Northern Louisiana here......Monroe.  Feeling kind of lonely up here!

----------


## jkeithh1969

Slidell here.

----------


## Byrdie

I moved here almost a year ago now  :Very Happy:  i live in Bourg LA about 5 minutes from Houma LA

----------


## GR8DANE

<--- Houma, LA in the house!!

----------


## BaDw0Lf

I live in Youngsville and got my spider ball python from EbN.

----------


## Luke Martin

Man there's lots of Houmains around here!

----------


## Byrdie

cause we are all awesome of course  :Good Job:

----------


## Sariel

Hey I have to promote alittle for anyone in the slidell area. 
  Ive been getting my feeders at Pets Plus on Gause and theyre very reasonably priced. $1.00 for frozen adult mice and 1.99 for frozen small rats. 

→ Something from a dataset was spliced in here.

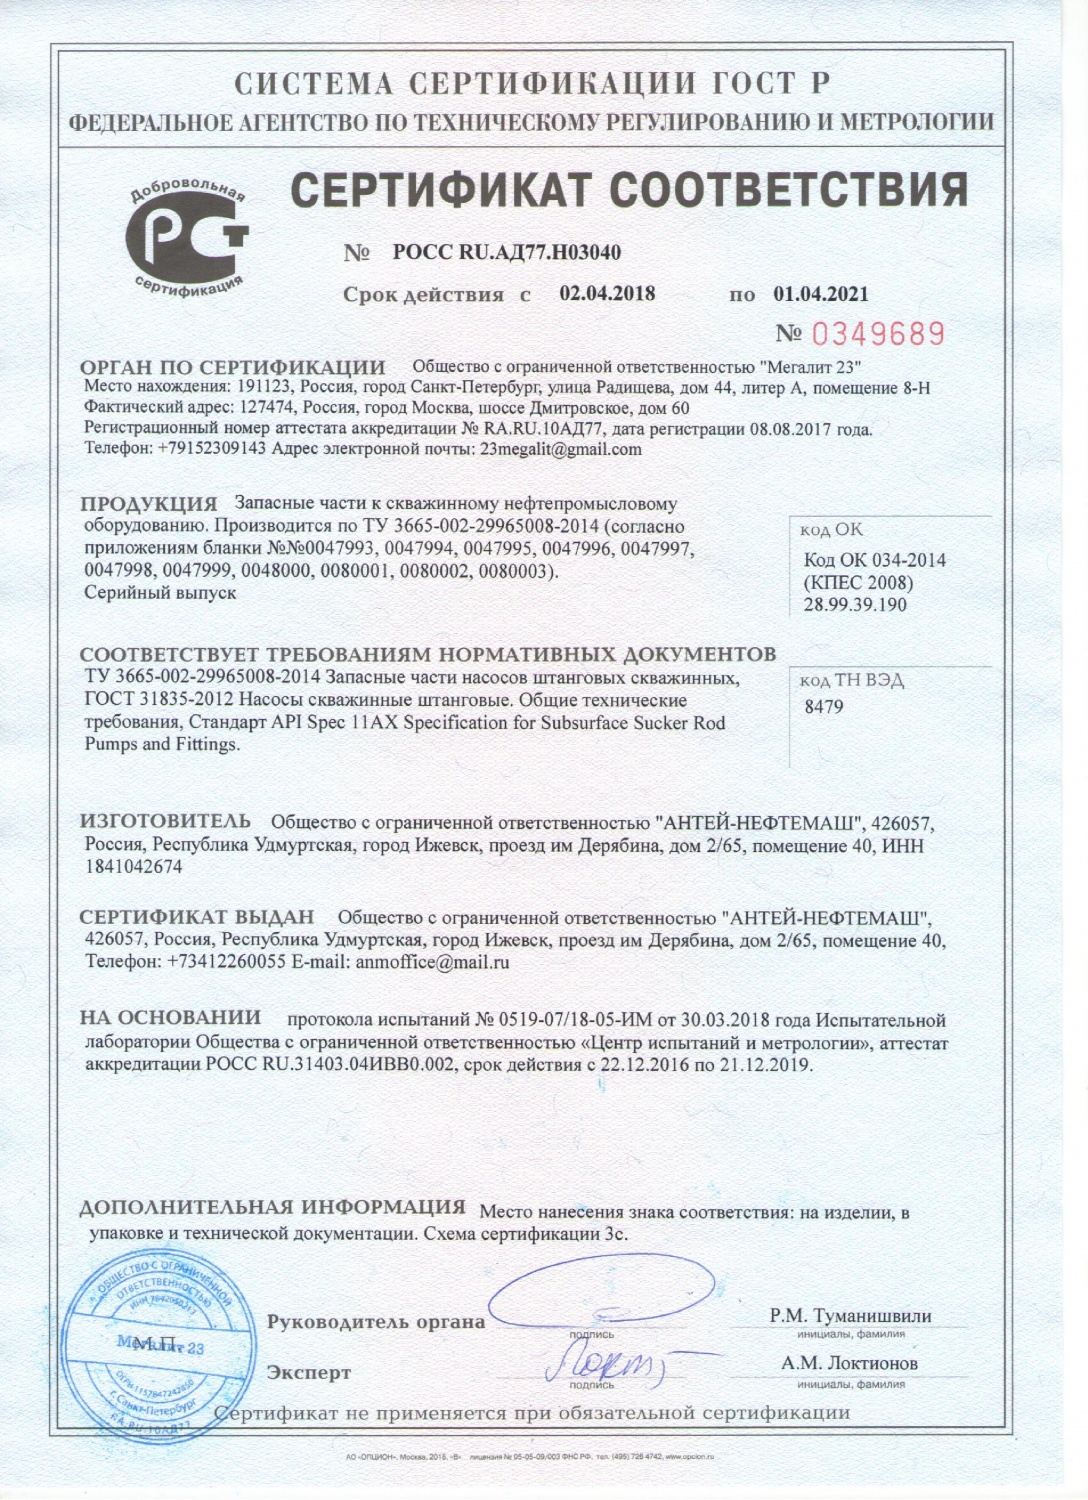 Сертификат соответствия ЗИП ШГН

much better than the other places Ive checked out around town.

----------


## Candice21

Hi, I live in the Alexandria/Pineville area. Born here, moved to Ville platte from age 13 to 20. Hated it! Lol I love being back in my hometown. But if there's anyone from the vp area I probably know you too

----------


## Luke Martin

My parents live in Ball which is in the Pineville area right?  My dad is a minister at one of the Methodist churches there.

----------


## Neal

I'm still in the Ponchatoula area.

----------


## PKMorphs

From Mandeville but live in Hattiesburg, MS...moving to New Orleans end of this month

----------


## scottman

Out in the br, Prairieville area. What's good yall?

----------


## Neal

> Out in the br, Prairieville area. What's good yall?


How's it going.

----------